第一部分 抗血管新生治療對於廣泛性﹝advanced﹞HCC治療之研究

HCC腫瘤細胞及其周圍的間質細胞﹝stroma cells﹞會過度表現多種促進血管增生的因子﹝pro-angiogenic factors﹞,包括vascular endothelial growth factor (VEGF), basic fibroblast growth factor (bFGF), 以及matrix metalloproteinases等。這些因子曾被發現與腫瘤細胞的高惡性度,以及腫瘤造成的肝門靜脈栓塞及腫瘤包膜侵犯﹝capsular invasion﹞相關。此外,在肝硬化及HCC的病患血清中也可以偵測到促進血管增生因子的增加。因此,可以想像HCC病患體內的環境處於適合血管新生的狀態,而抗血管新生治療則可望控制HCC的生長。

Thalidomide 在1950年代的歐洲被當作孕婦的鎮靜劑及止吐劑使用,但很快就因為其致畸胎之嚴重毒性﹝會造成海豹肢等﹞禁止使用。D’Amato等學者最早使用corneal micropocket assay證實thalidomide對於由VEGF及bFGF導致的血管新生現象有抑制作用。thalidomide在惡性疾病的可能療效最早則是在多發性骨髓瘤﹝multiple myeloma﹞及與人類免疫不全病毒感染相關的Kaposi’s sarcoma病患中發現。也有一些初步研究顯示thalidomide對於HCC 可能也有療效。

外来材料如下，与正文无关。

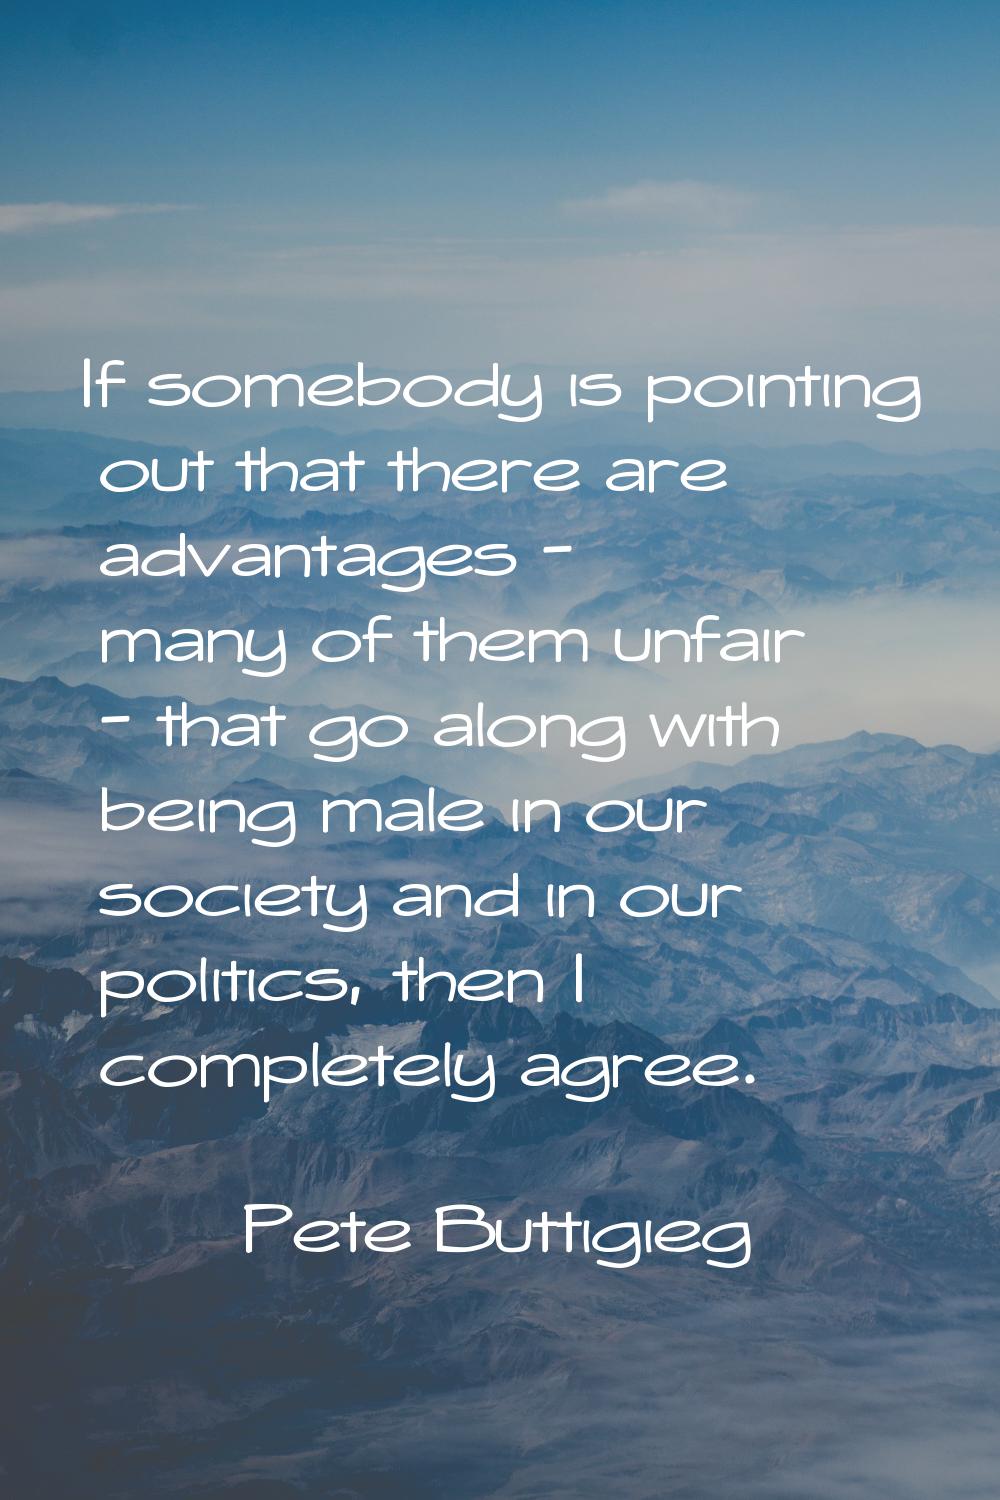 If somebody is pointing out that there are advantages - many of them unfair - that go along with be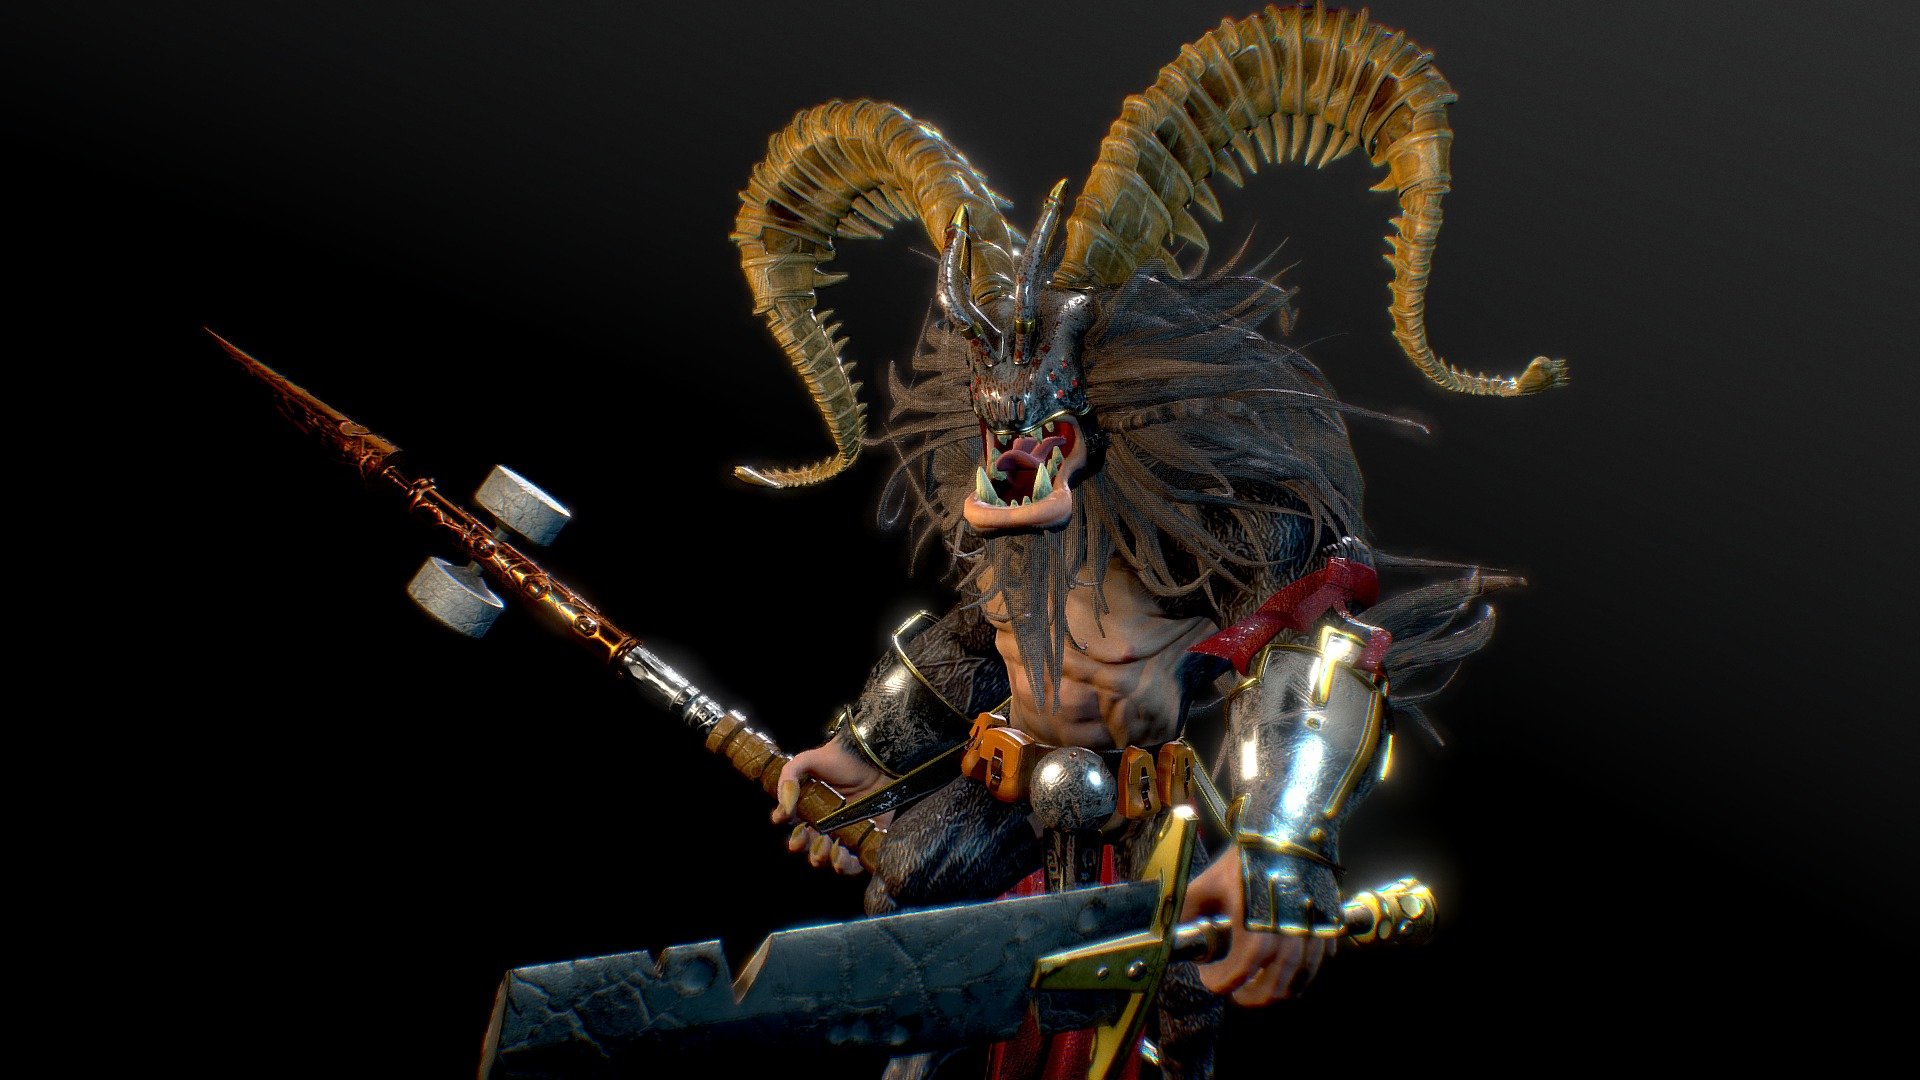 This project is roughly 4 weeks in the making and is by far the most fun I've been with modeling a character. I modeled this in Zbrush and modeled the props and weapons in Maya. Hair was a bit of a challenge but I was inclined to keep it simple. I textured Ram Warrior in Substance Painter and posed him in Zbrush using ZSpheres. My original renders are from Marmoset 3d model

我們首先對於無法手術根除也無法進行血管栓塞治療的廣泛性HCC病患進行了一個compassionate treatment計畫以評估thalidomide的可能療效。Thalidomide的起始劑量是每天口服200 mg,如果沒有明顯的副作用則會將劑量逐漸提高﹝每次提高100 mg﹞至最高劑量每天600 mg。在接受治療的68位病患中有63位可評估thalidomide之療效。根據WHO 療效指標,有一位病患得到完全緩解,三位部分緩解,整體緩解率為6.3 % (95% 信賴區間. 0 to 12.5%)。持續緩解的時間分別為50+, 24.6, 11.6+ 及 8.7+ 星期。這四位病患血液中胎兒蛋白(alpha-fetoprotein,a-FP)含量均明顯降低。在另外42位治療前a-FP升高的病患中,有6位 a-FP數值在接受治療之後下降50%以上。因此總共有10位HCC病患對thalidomide治療產生反應。所有68位病患的整體存活中位數為18.7星期﹝95%信賴區間11.8 至25.6星期﹞,一年存活率為27.6%。10位接受thalidomide治療有反應的病患,其整體存活中位數為62.4星期﹝95%信賴區間31.2 至93.6星期﹞。所有產生反應的病患,其使用thalidomide的劑量均在每天300 mg或以下。此一處方劑量的thalidomide 一般而言副作用均在可接受範圍內:分別有16位,6位及0位病患發生grade 2、3、4的毒性。因此我們認為低劑量﹝200-300 mg per day﹞thalidomide對於少部分廣泛性HCC 病患確實可以產生控制腫瘤的效果。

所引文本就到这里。